Sebelumnya, Direktorat Jenderal Bea dan Cukai (DJBC) memastikan besaran tarif cukai yang dikenakan atas kantong plastik tidak jauh berbeda dibandingkan tarif pungutan yang selama ini dikenakan.
"Tarif kalau diterapkan juga sama dengan yang sudah berjalan selama ini, sebesar Rp200 itu kita tidak jauh dari situ," ujar Direktur Teknis dan Fasilitas Cukai DJBC Nirwala Dwi Heryanto, Rabu (12/2/2020).
Direktur Eksekutif Center for Indonesia Taxation Analysis (CITA) Yustinus Prastowo mengatakan tarif yang disebut tidak terlalu jauh dengan tarif yang saat ini diberlakukan sehingga tidak akan efektif menekan penggunaannya.
Menurut Prastowo, pemerintah perlu membuat skema tarif bertingkat tergantung pada ketebalan kantong plastik yang digunakan.
"Cukai kantong plastik mestinya didesain untuk mendorong perilaku dan memberi insentif bagi yang sustain," ujar Prastowo kepada Bisnis, Rabu (12/2/2020).

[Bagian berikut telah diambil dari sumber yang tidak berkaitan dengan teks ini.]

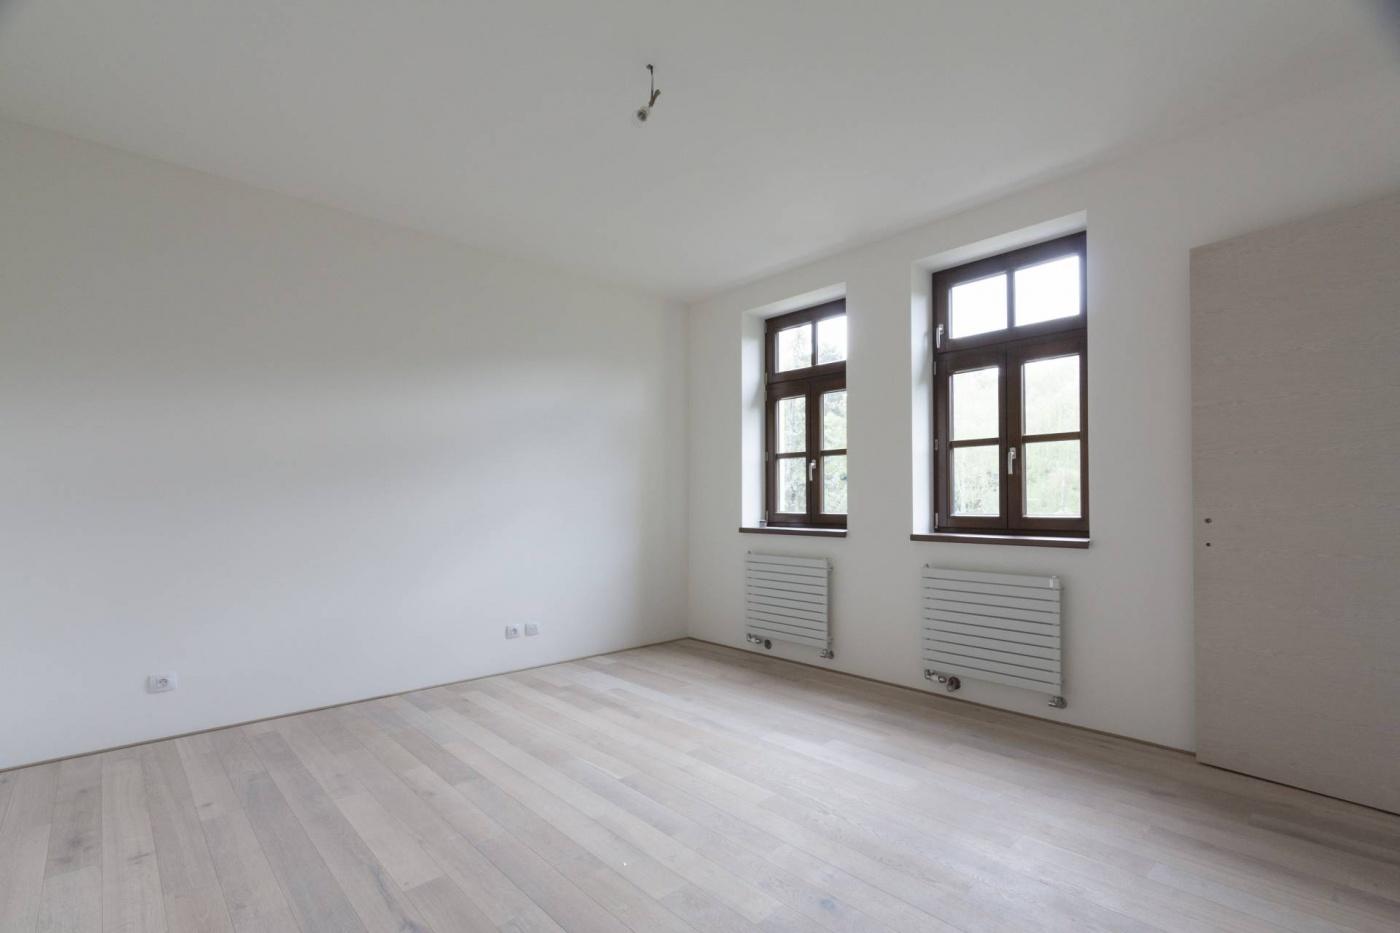 Půdní byt 2+kk, plocha 79 m², ulice Lumírova, Praha 2 - Vyšehrad   2

Prastowo mengatakan sudah terdapat beberapa negara yang mempertimbangkan ketebalan kantong plastik dalam pengenaan cukai. Langkah ini juga dibarengi dengan kebijakan penekanan konsumsi kantong plastik tebal.
Berdasarkan catatan Bisnis, Kementerian Keuangan sebelumnya telah memerinci tarif dan jenis plastik yang menjadi BKC baru.
Semakin tebal, maka semakin rendah cukai yang dikenakan. "Kantong plastik yang lebih tebal dikenai cukai lebih rendah karena bisa dipakai berulang," ujar Prastowo, Rabu (12/2/2020).
Pertama, tarif 100% akan diberikan kepada kantong plastik dengan jebis bijih plastik virgin atau polyethylene dan polypropline yang memiliki waktu penguraian lebih dari 100 tahun. Kedua, tarif lebih rendah akan dikenakan kepada jenis plastik yang berasal dari bijih plastik oxodegredable dengan waktu urai antara 2-3 tahun.